DATASET RECORDS:
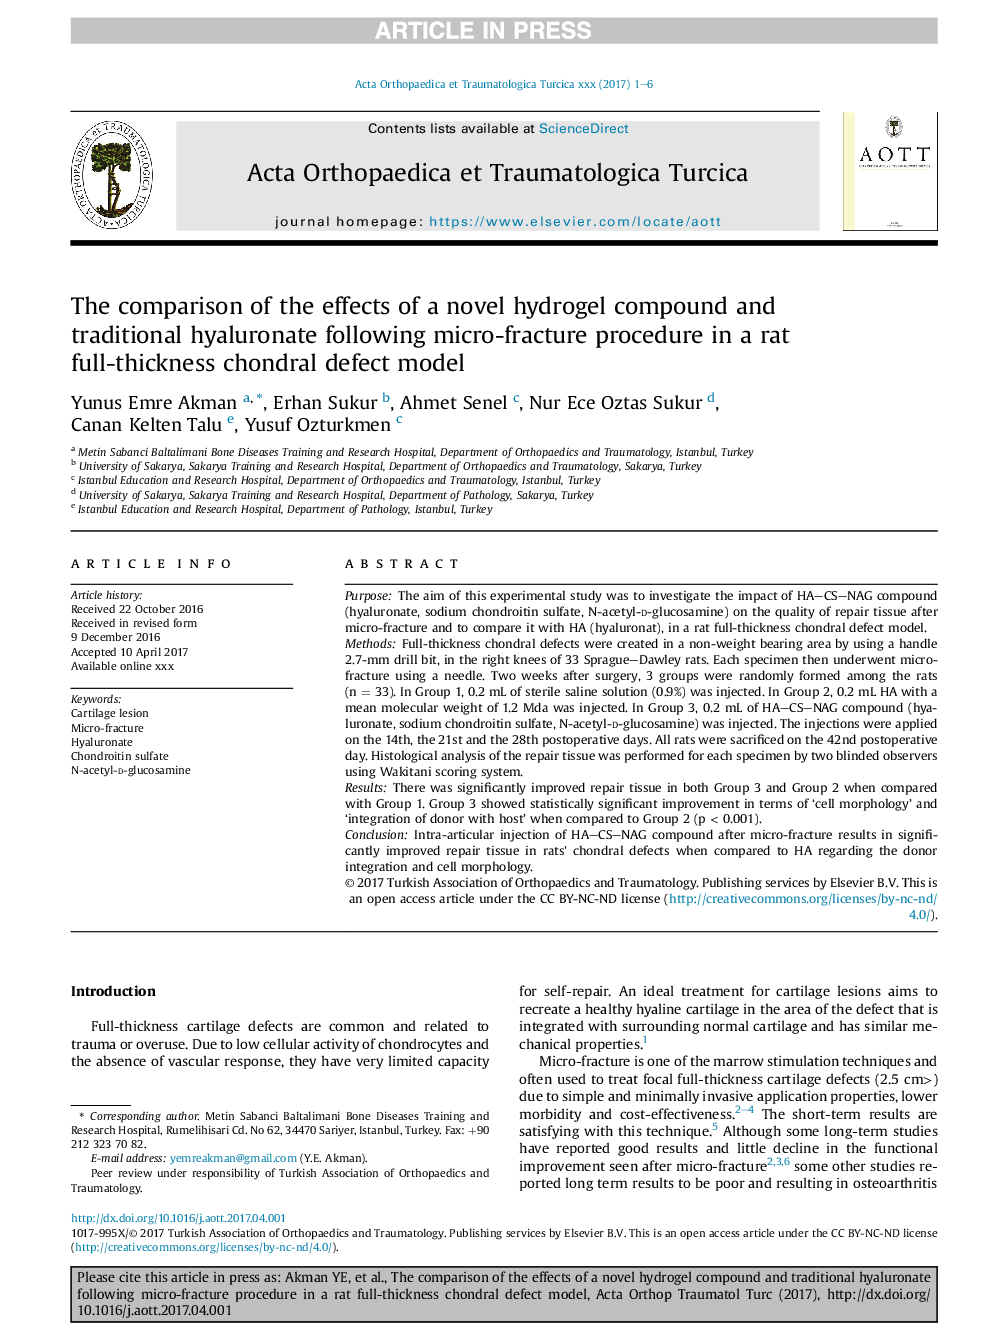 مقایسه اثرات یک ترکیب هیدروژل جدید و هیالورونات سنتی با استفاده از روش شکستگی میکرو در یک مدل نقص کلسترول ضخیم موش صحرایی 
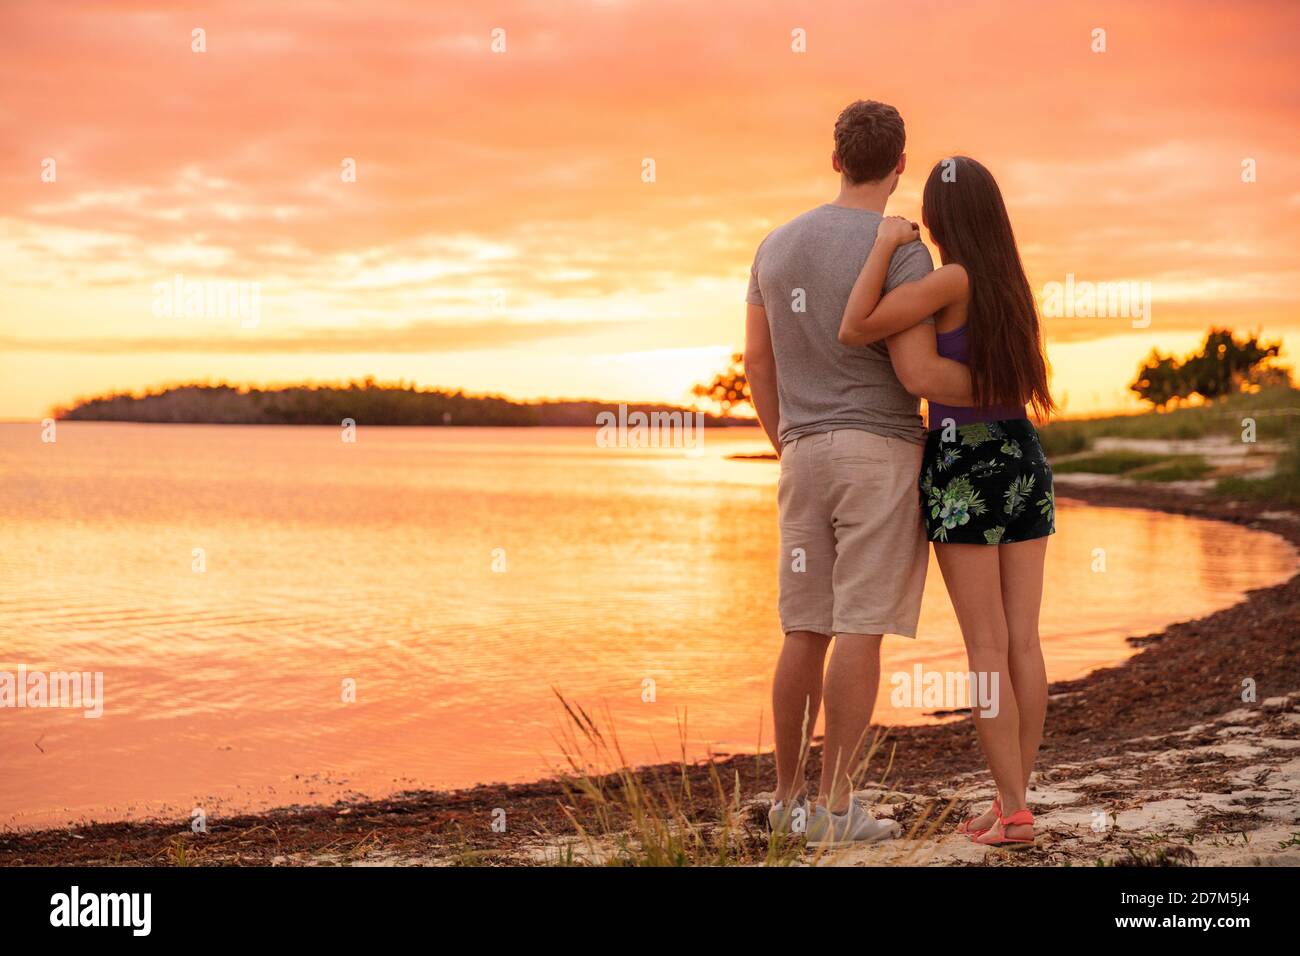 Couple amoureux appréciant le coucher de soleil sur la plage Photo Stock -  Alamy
---
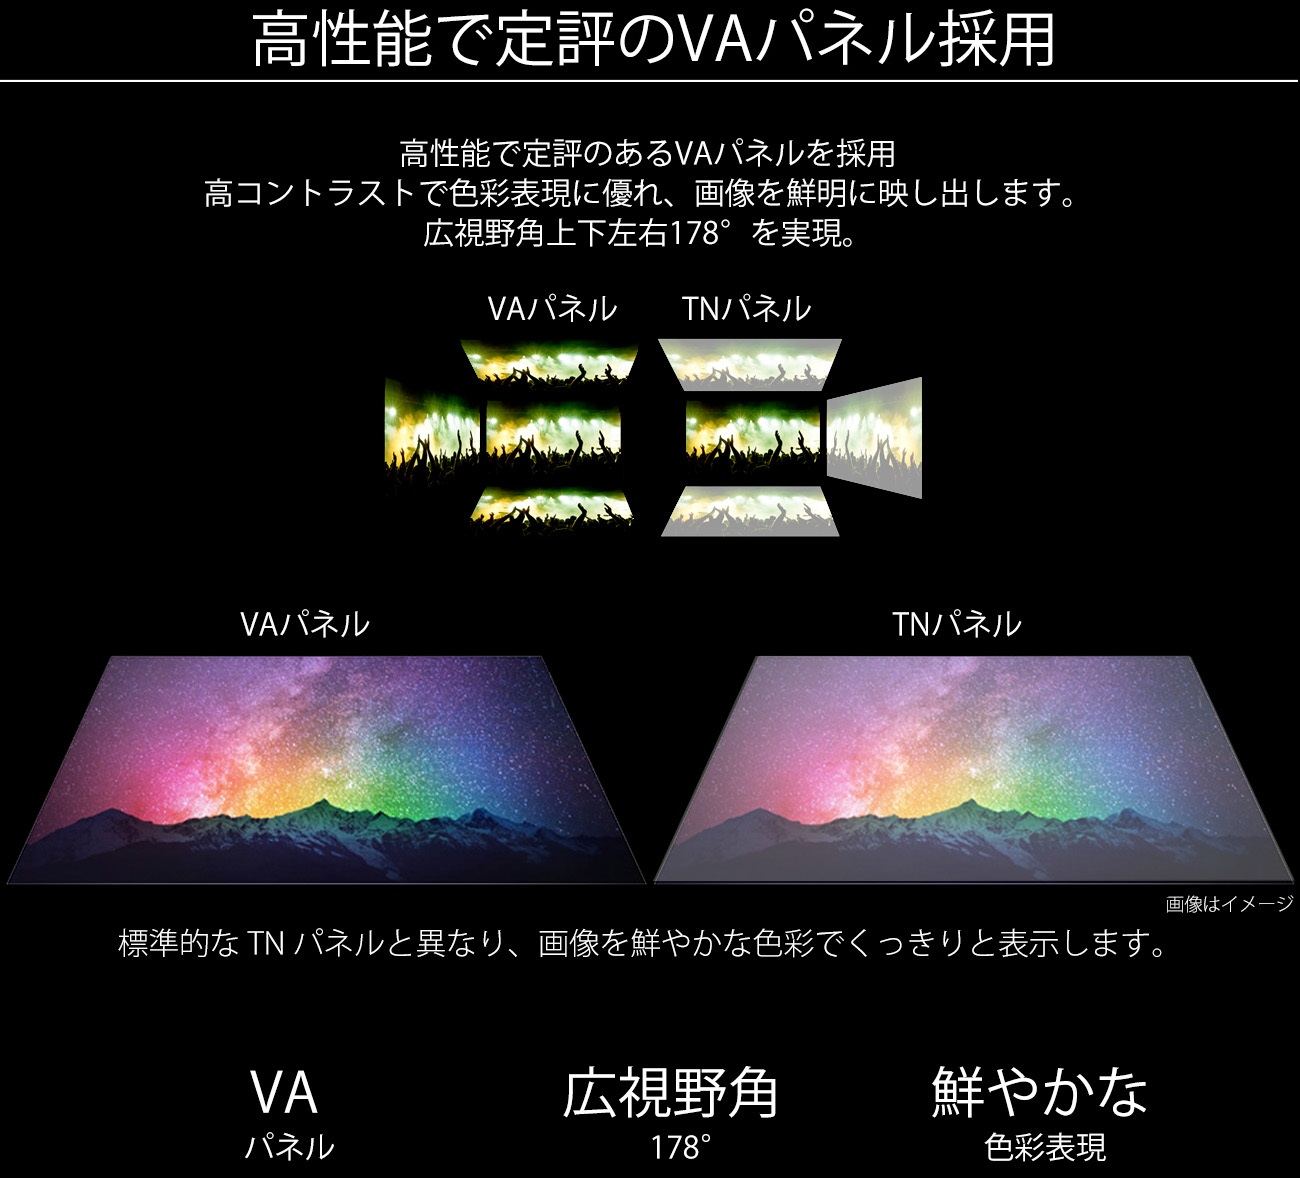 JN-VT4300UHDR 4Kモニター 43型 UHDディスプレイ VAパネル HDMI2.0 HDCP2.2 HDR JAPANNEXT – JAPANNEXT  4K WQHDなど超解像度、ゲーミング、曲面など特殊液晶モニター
* * *
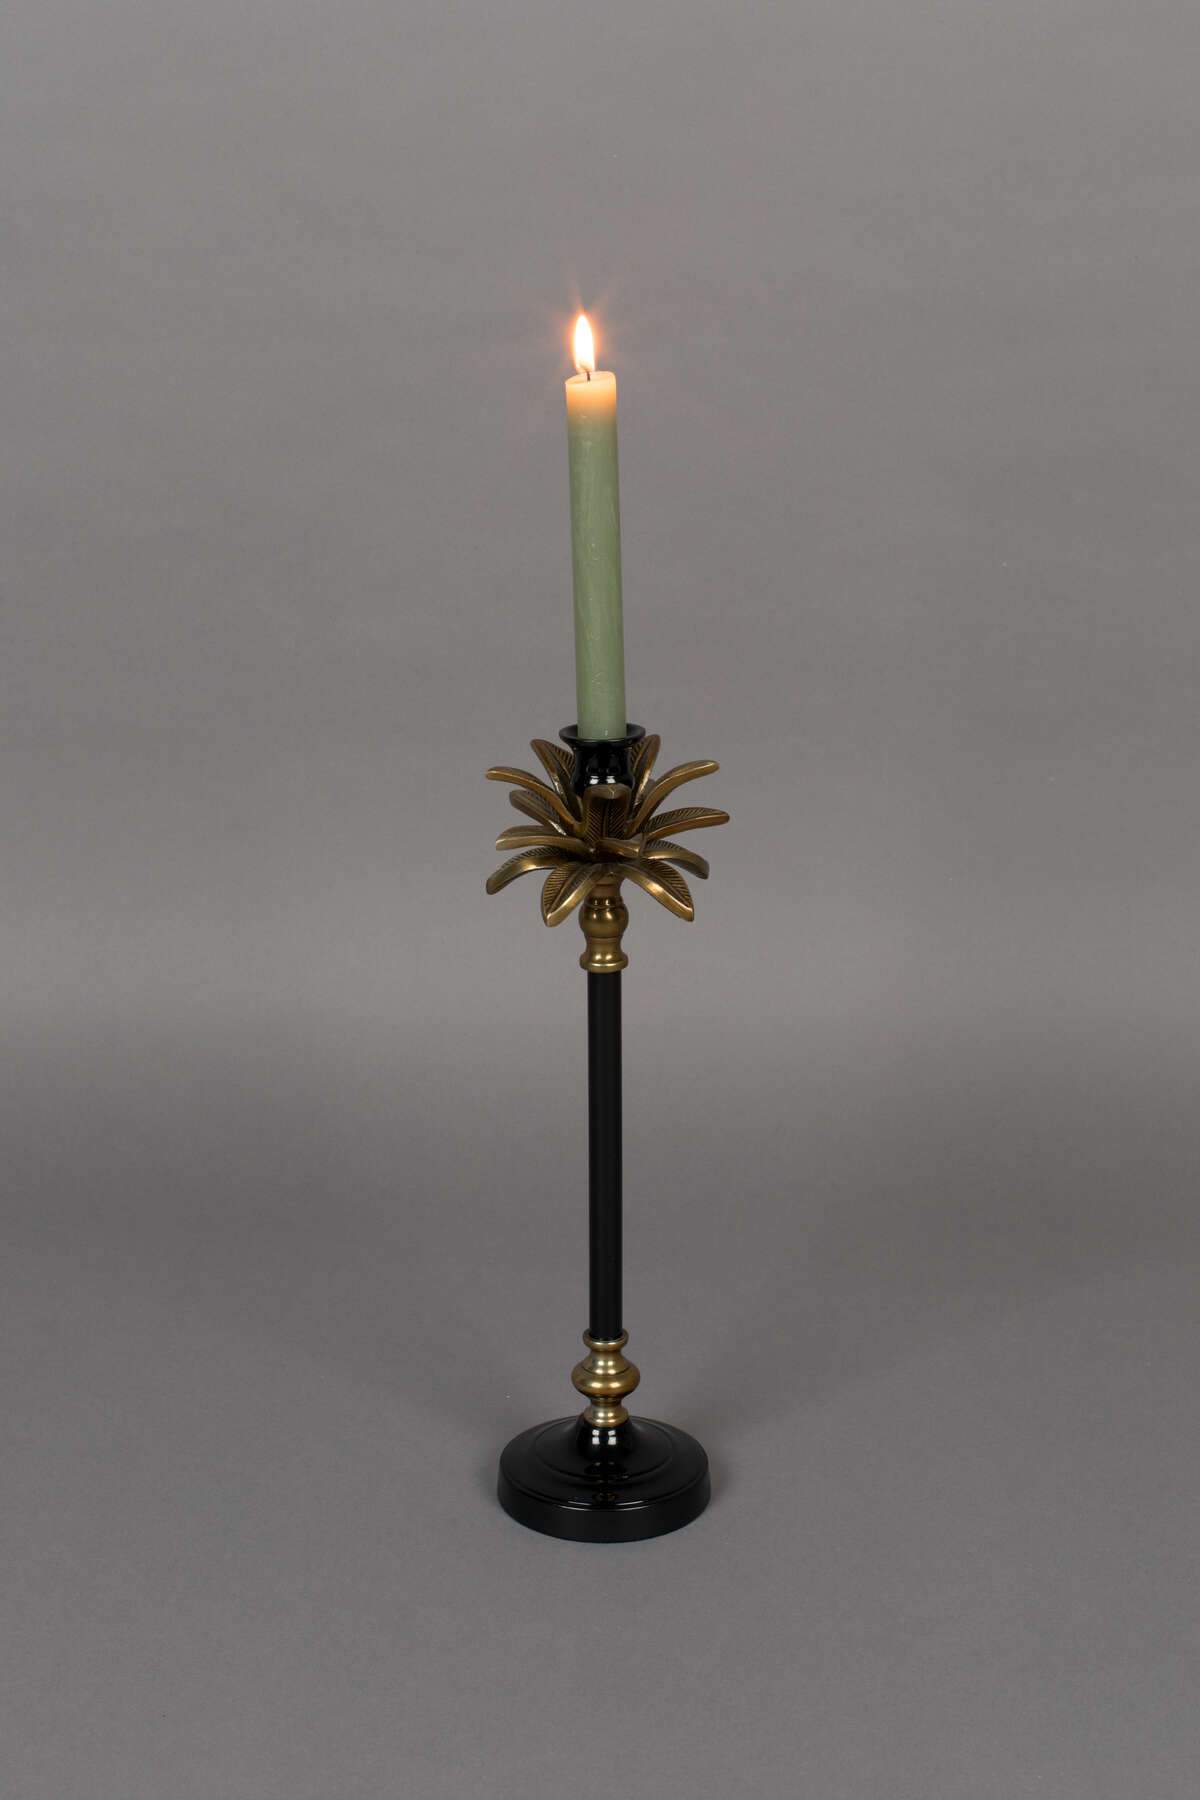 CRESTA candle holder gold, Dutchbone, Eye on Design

EXERCISE DESCRIPTION: Using the entries above, write out exactly the lines from the one with "مقایسه اثرات یک" through the one with "Couple amoureux appréciant", ends included. Leave out any pictures.

WRITTEN RESPONSE:
 مقایسه اثرات یک ترکیب هیدروژل جدید و هیالورونات سنتی با استفاده از روش شکستگی میکرو در یک مدل نقص کلسترول ضخیم موش صحرایی 
 Couple amoureux appréciant le coucher de soleil sur la plage Photo Stock -  Alamy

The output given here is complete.